§ Description of the task
Restate word for word the lines below that run from the one holding "Woman beams in" through the one holding "The Oron Dress in Black - 1", inclusive. Pictures don't belong in the copy.

§ Data records

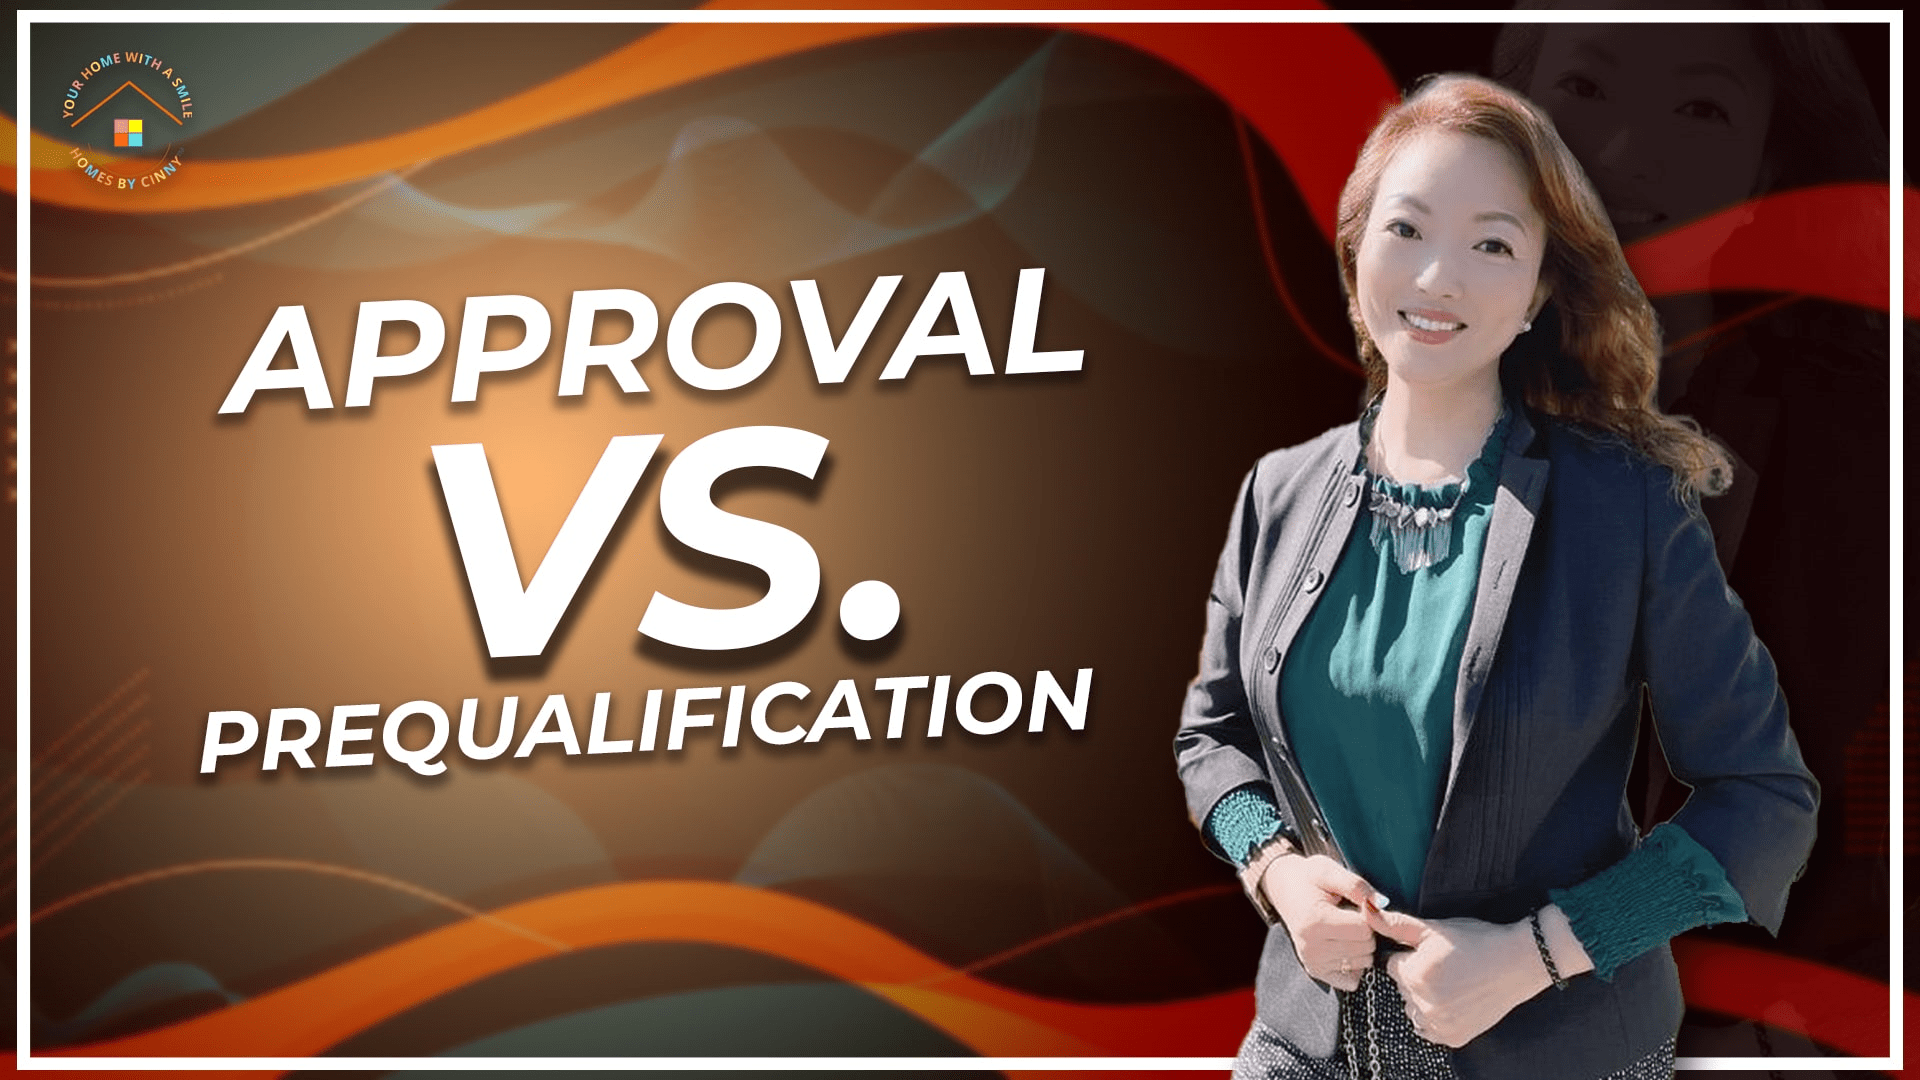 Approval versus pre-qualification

==

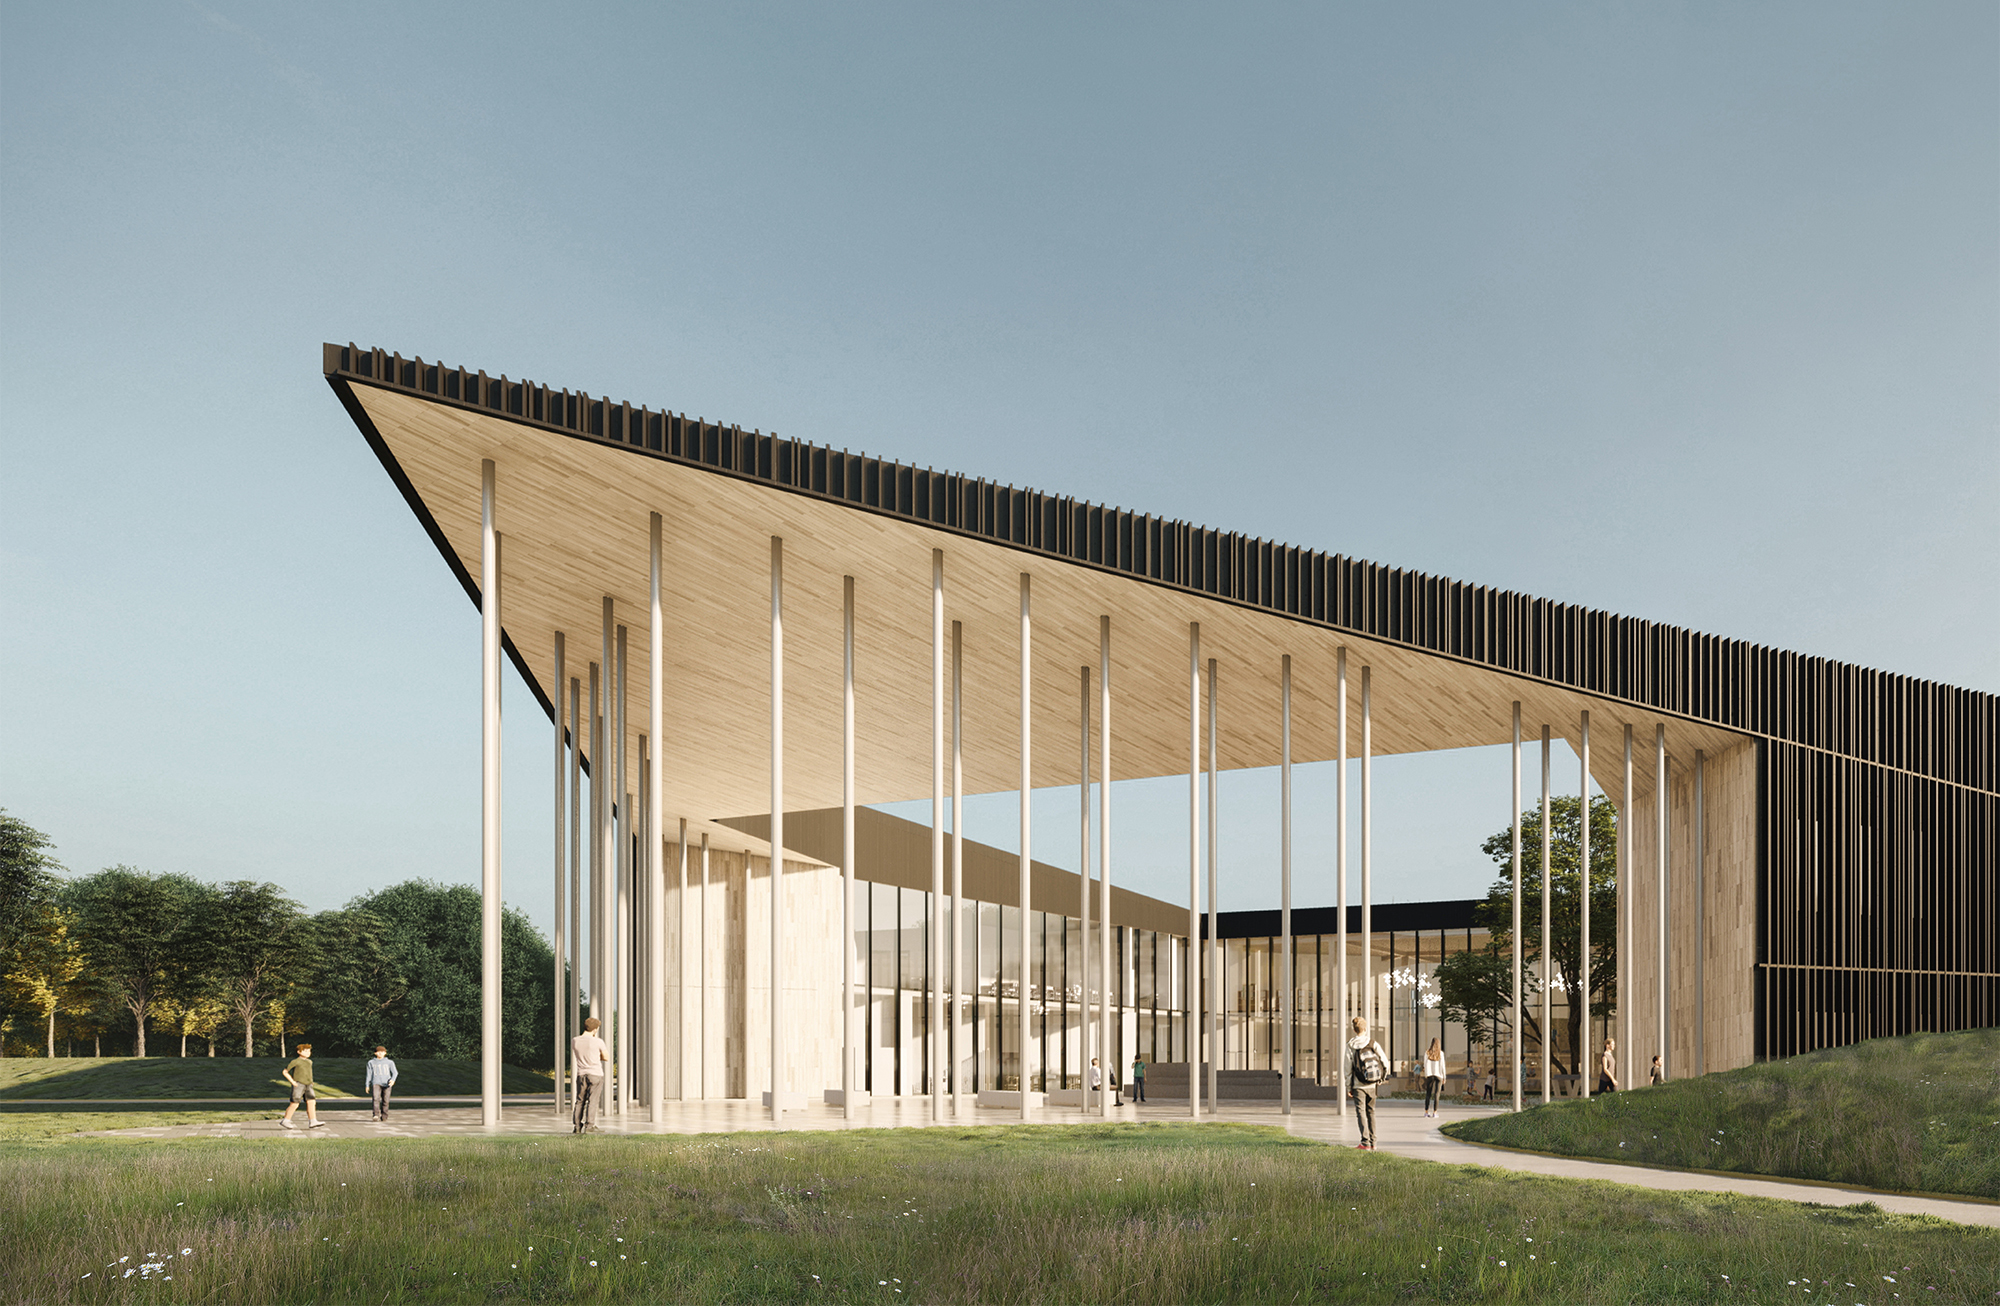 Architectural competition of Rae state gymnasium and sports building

--

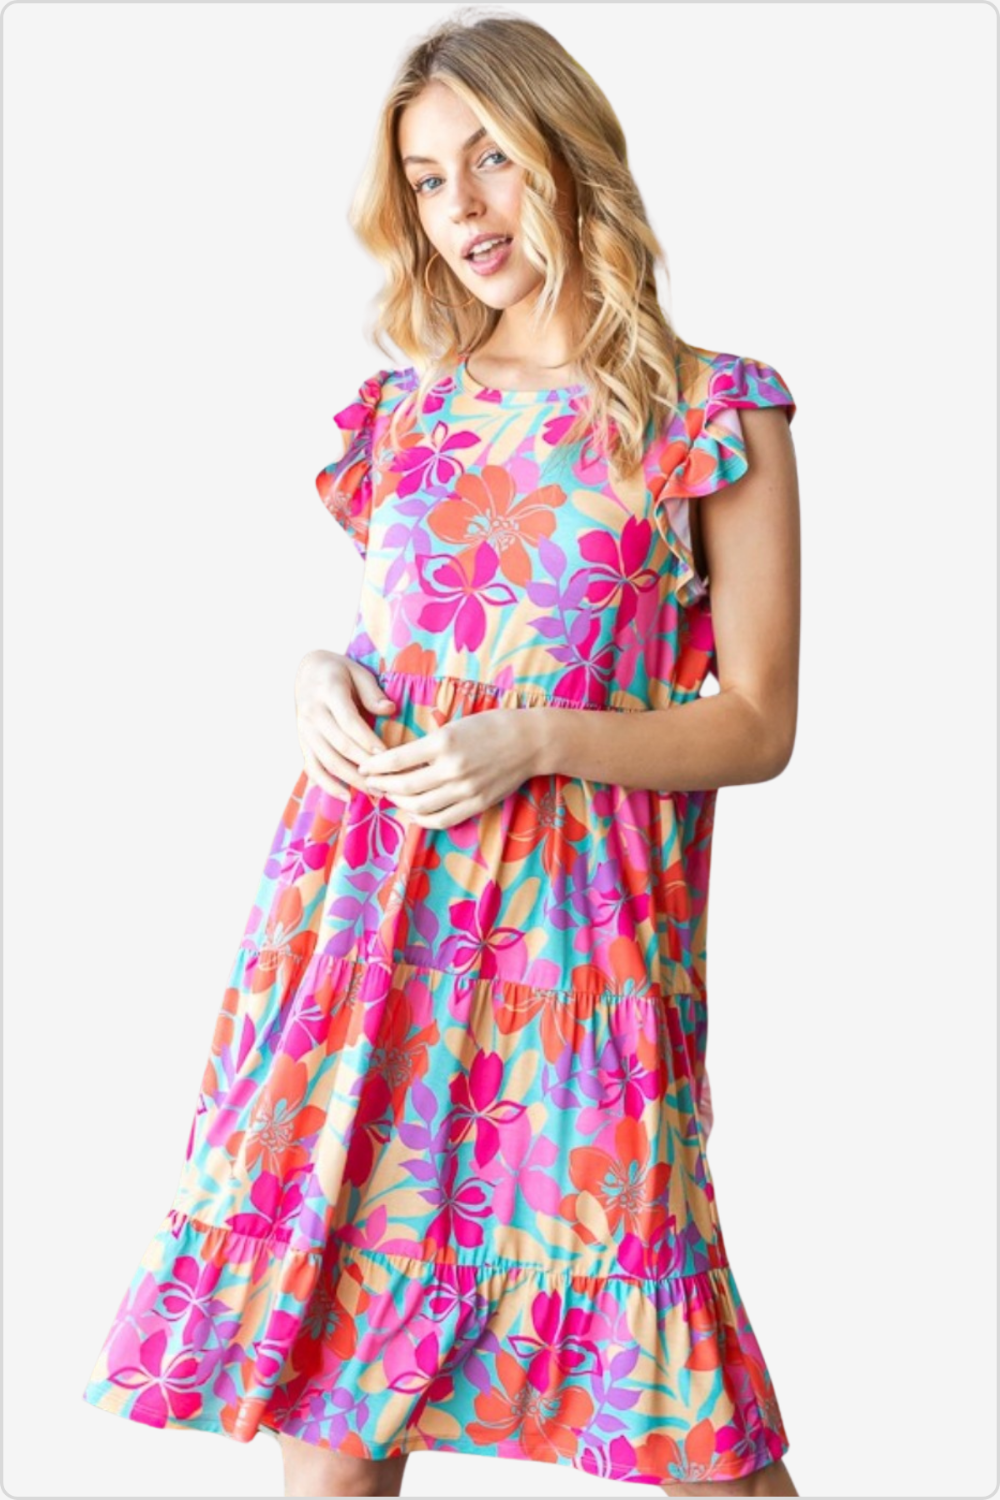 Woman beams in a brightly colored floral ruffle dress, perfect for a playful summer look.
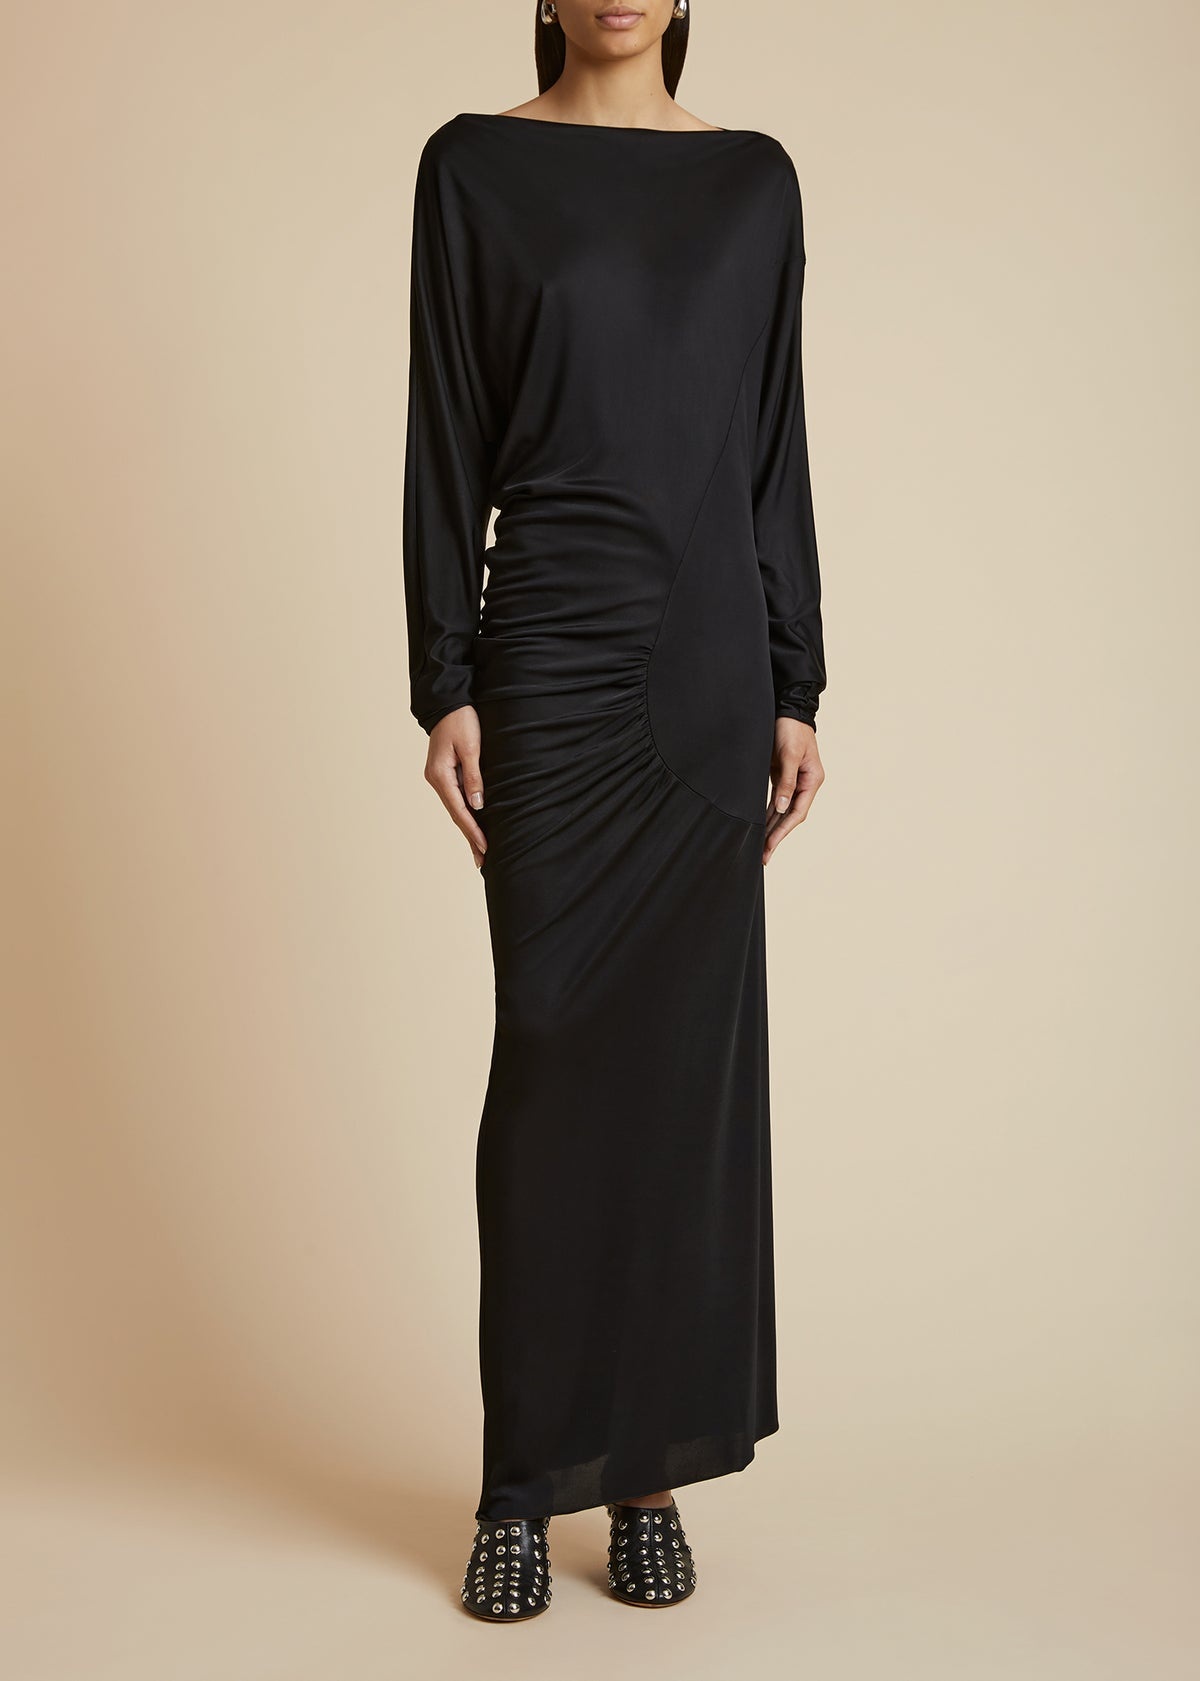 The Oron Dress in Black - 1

§ Task solution
 Woman beams in a brightly colored floral ruffle dress, perfect for a playful summer look.
 The Oron Dress in Black - 1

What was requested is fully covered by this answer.